• _EXERCISE DATA_:
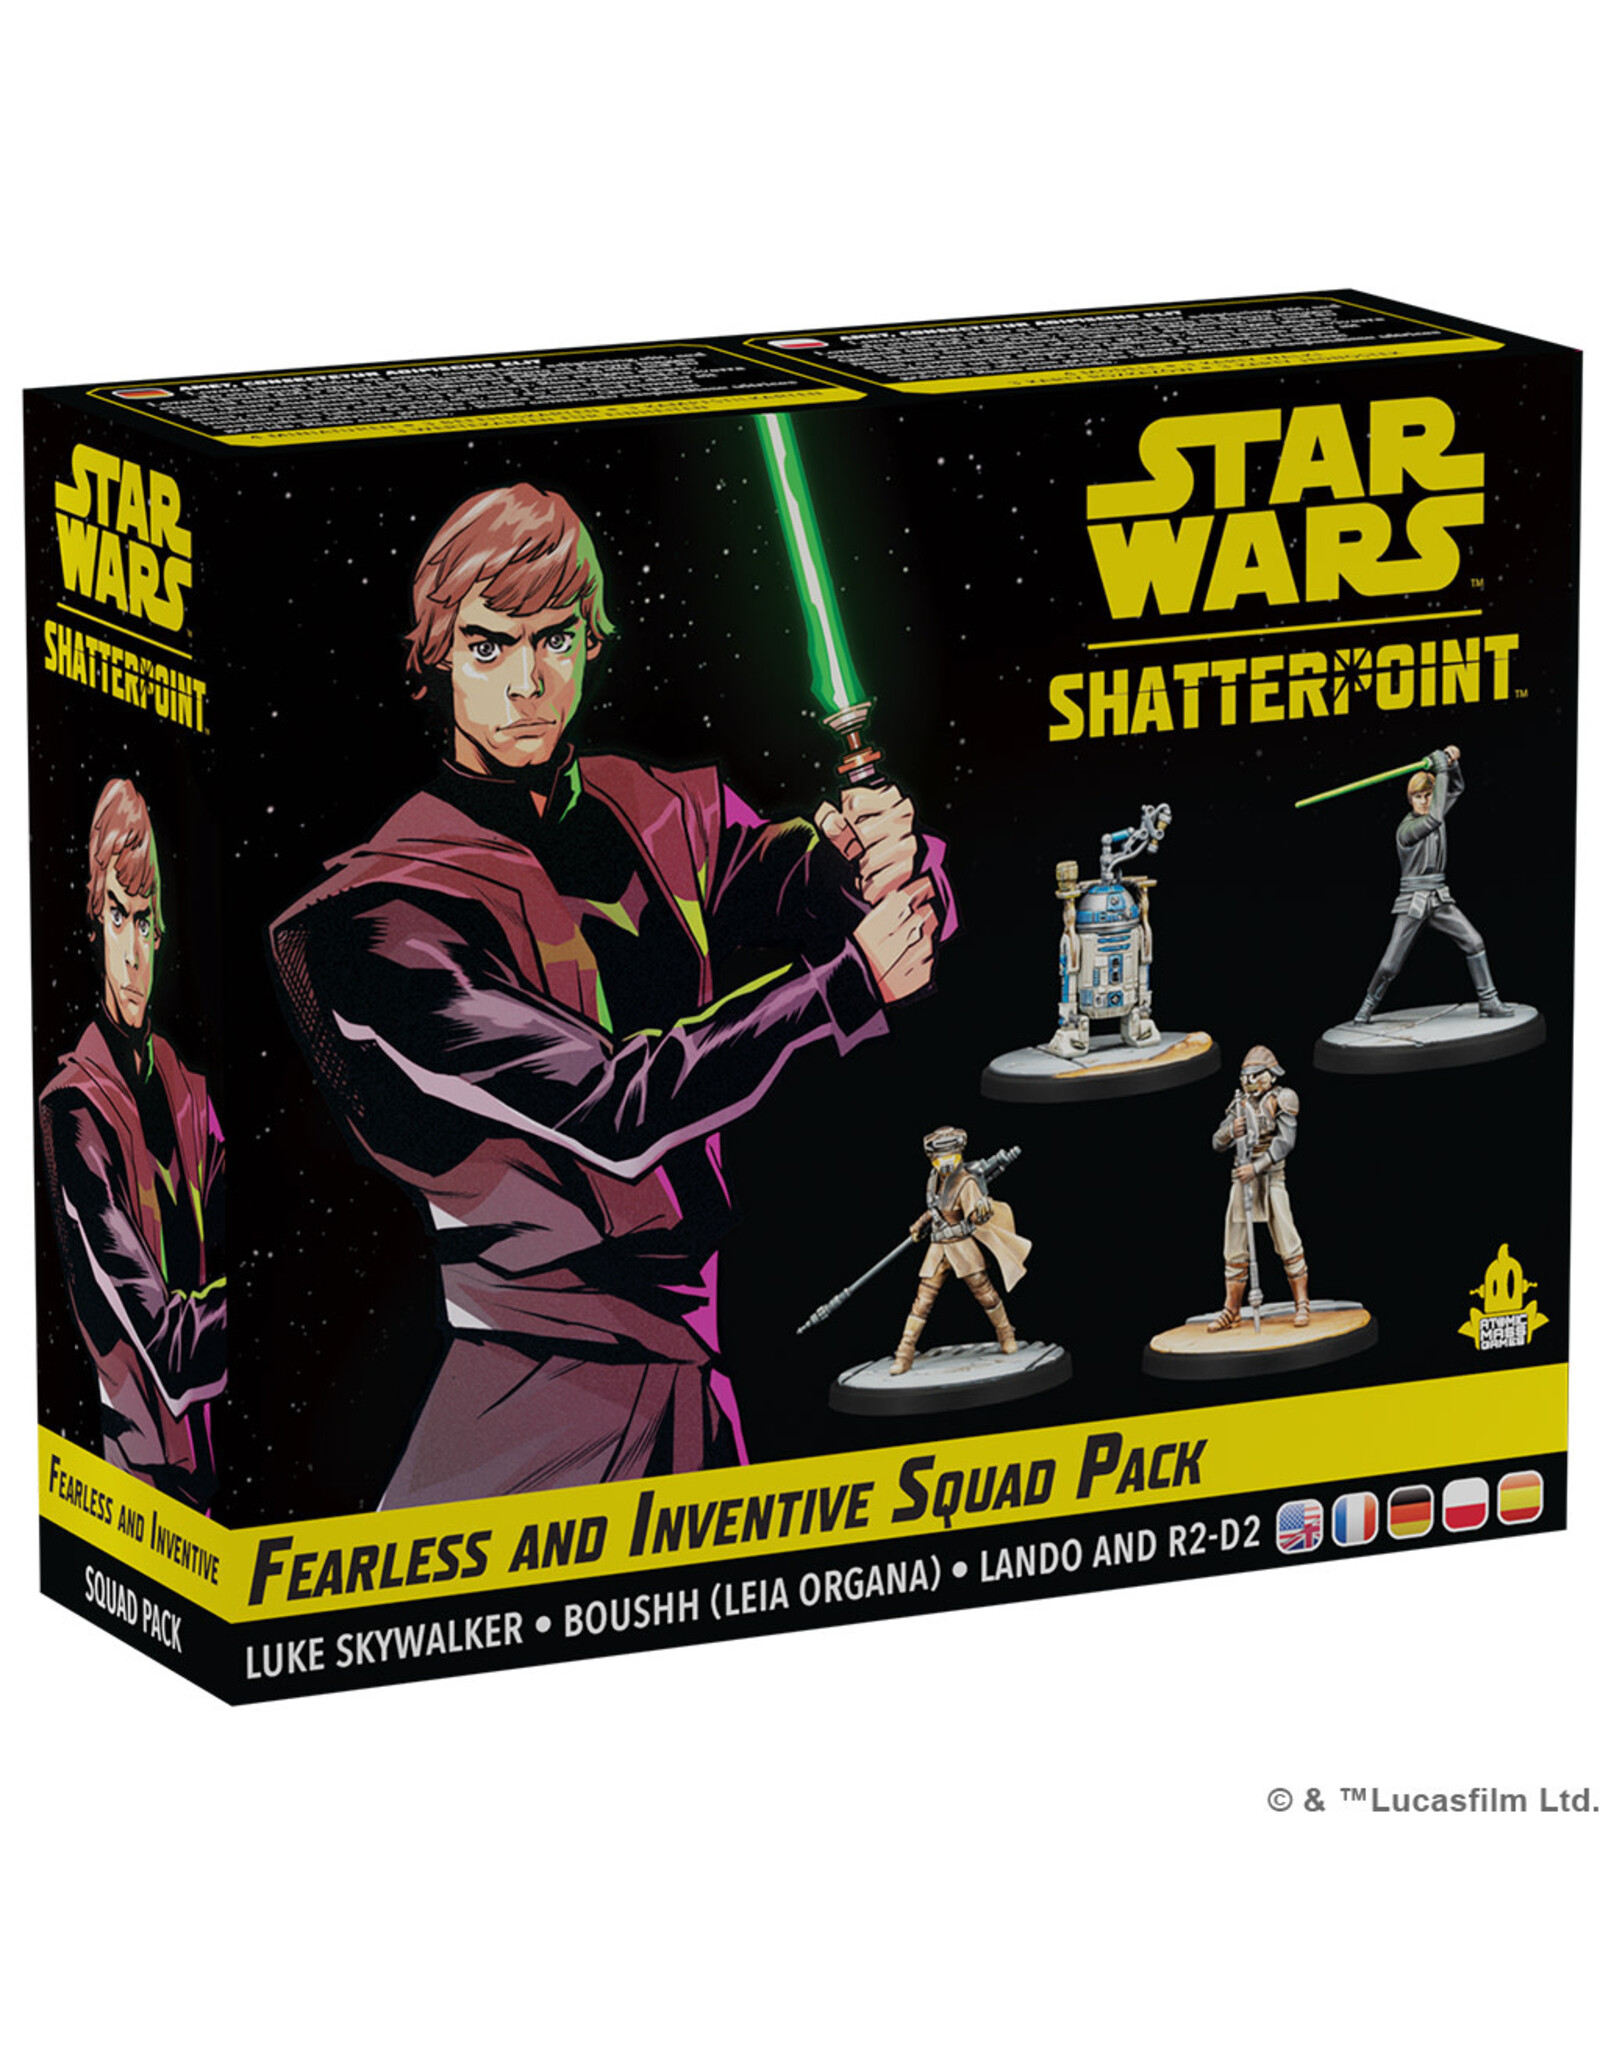 Star Wars Shatterpoint Star Wars Shatterpoint Fearless and Inventive Squad Pack
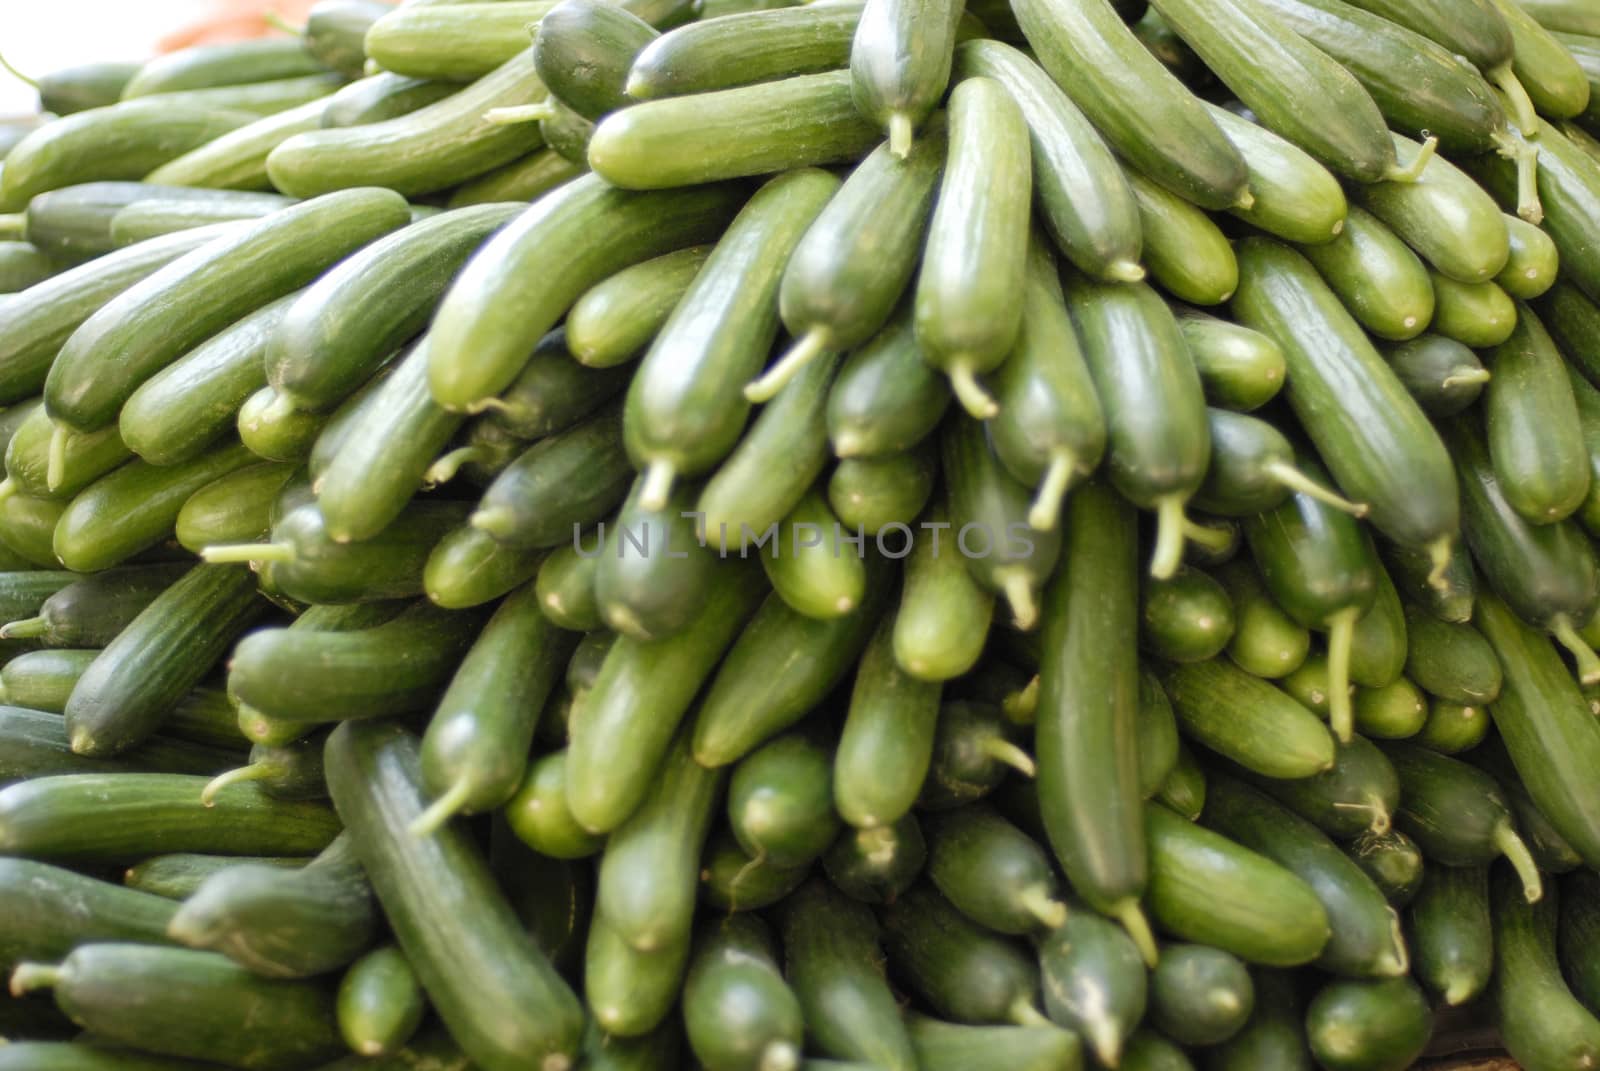 Cucumbers bunched together for sale at market by stockyimages
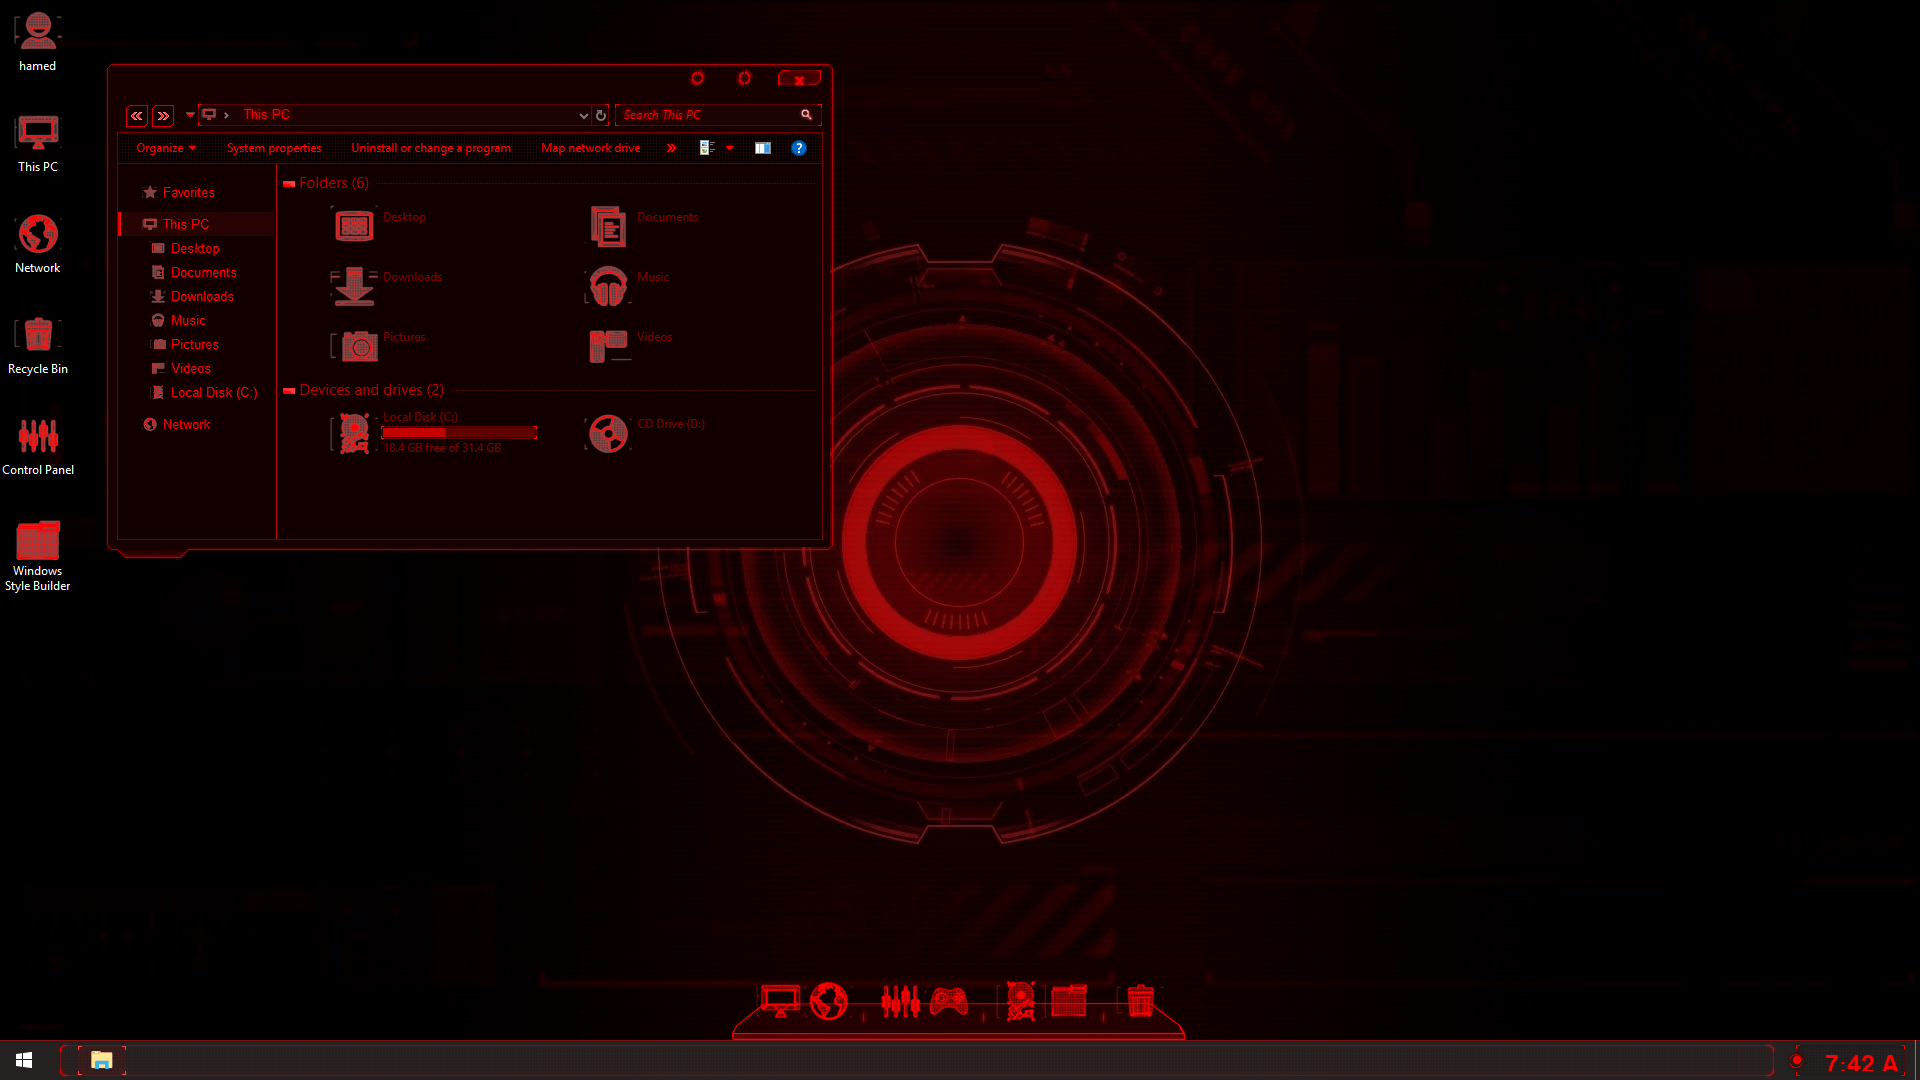 Jarvis Red SkinPack for Windows 7\\10 19H1|19H2|20H1 - Skin Pack Theme  for Windows 11 & 10
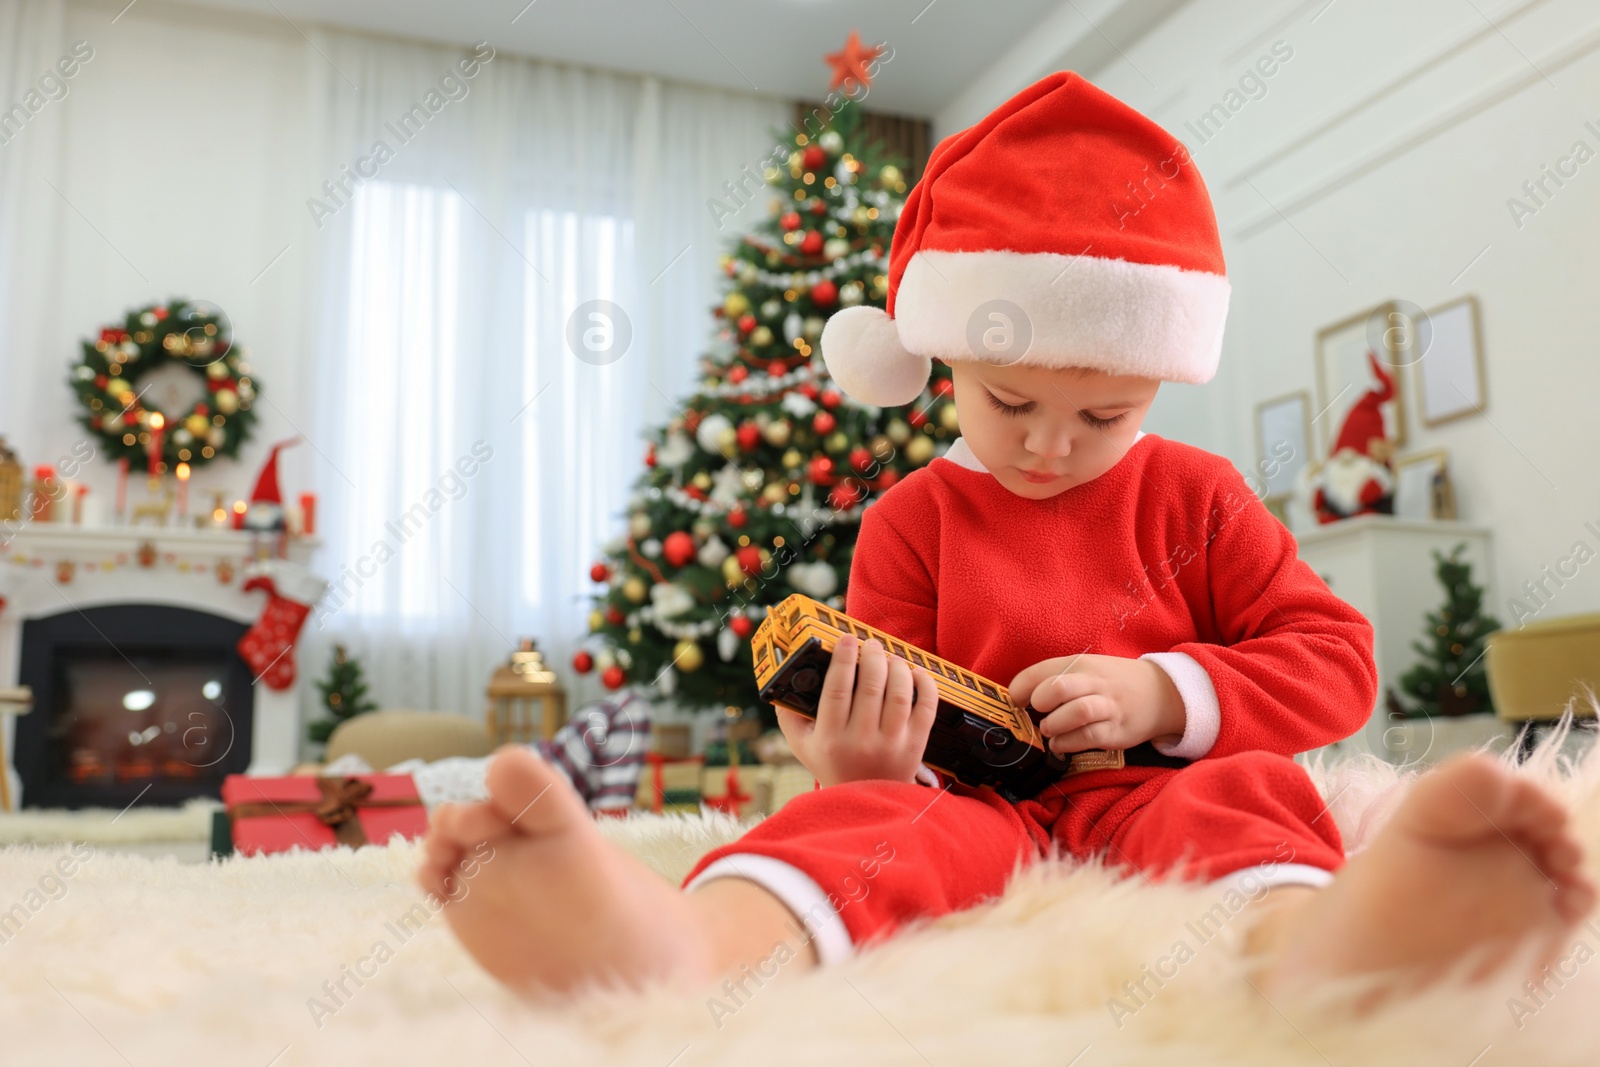 Photo of Cute little boy with toy car in room decorated for Christmas, low angle view

• _REQUIRED WORK_: The line with "Cucumbers bunched together" marks the start, and the last line of the material marks the end. Reproduce exactly those two lines and every line between them, without the pictures.

• _RESULT FOR THIS TASK_:
 Cucumbers bunched together for sale at market by stockyimages
 Jarvis Red SkinPack for Windows 7\\10 19H1|19H2|20H1 - Skin Pack Theme  for Windows 11 & 10
 Photo of Cute little boy with toy car in room decorated for Christmas, low angle view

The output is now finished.